Justin Timberlake: #Hashtag of the Year
He was the nonstop trending topic of 2013:
The gigs at the Super Bowl (with Jay Z) and the White House (with the
president). The albums. The movies. And all those viral videos with
Jimmy Fallon, including the one that'll make you never want to tweet
again. Amy Wallace talks to Justin Timberlake about the
many moments that made him a MOTY, from the undeniably glorious ones to a
couple that, frankly, he's @!*$%# pissed off about
“So I find it ironic that I'm doing an interview with you about Man of the Year when I feel—literally—like a bunch of people just took a shit on my face.”
Justin Timberlake has had better Mondays.

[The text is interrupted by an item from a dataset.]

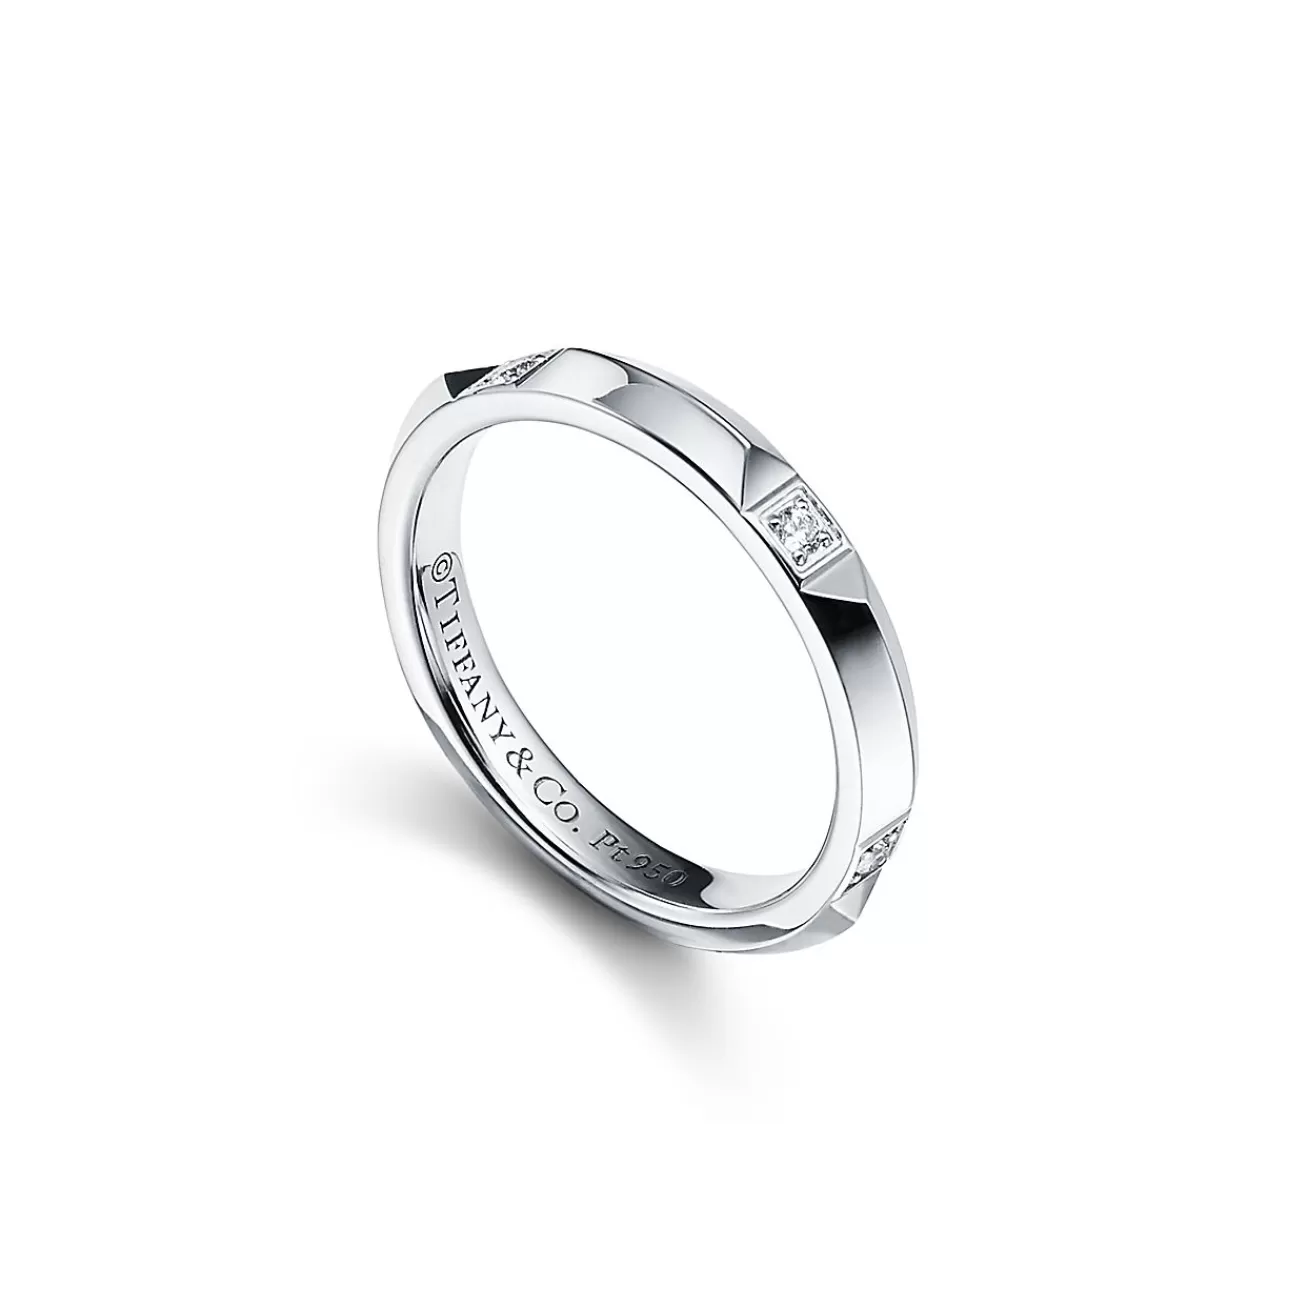 Tiffany & Co. Tiffany True® band ring in platinum with diamonds, 2.5 mm wide. | ^Women Rings | Men's Jewelry
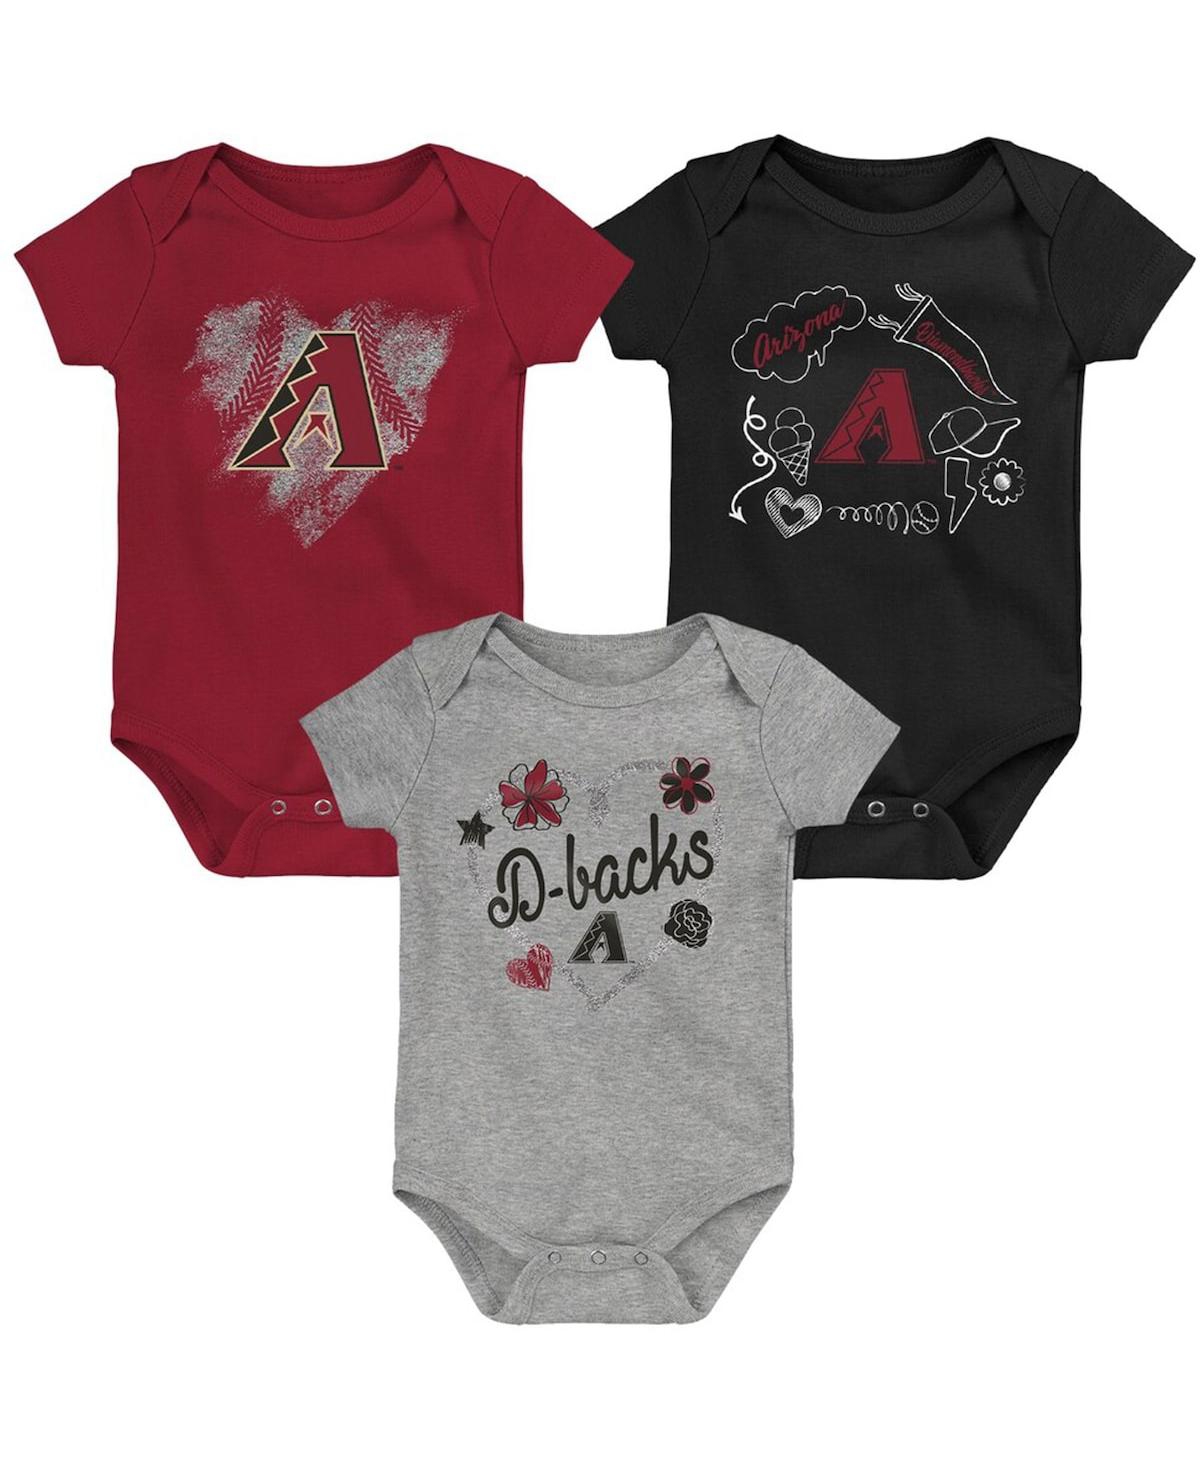 Outerstuff Babies' Infant Boys And Girls Red And Black And Gray Arizona Diamondbacks Batter Up 3-pack Bodysuit Set In Red,black,gray

We're sitting in the FedExForum in Memphis, his hometown, five rows back from where his NBA team, the Memphis Grizzlies (he's a minority owner), plays ball. There are 18,119 seats in this arena, and 18,117 of them are empty. Today, this is how he wants it. After sailing through the first nine months of the year like some kind of celebrity superhero—a one-man juggernaut of singing and dancing and hosting and viral-video-ing—Timberlake has taken some punches in the past few days.
“Double whammy,” he says, referring to critics' excoriation of both Runner Runner, a thriller he made with Ben Affleck that has just had a disastrous opening weekend ($8 million, and that's rounding up), and The 20/20 Experience: 2 of 2, his second number one album of the year. Specifically, Variety has just run an op-ed titled “Why Justin Timberlake Should Stop Acting.” (Oof.) And Billboard has, in Timberlake's words, “said, ‘Tell him to leave his second half at home.’ Where did all this vitriol come from? It's mean. And I'm not cut out for it.”
Slouched down in jeans and a T-shirt, the guy sitting next to me looks nothing like the suave showman from the “Suit & Tie” video. He's fidgety. He keeps tugging at the stubble on his chin.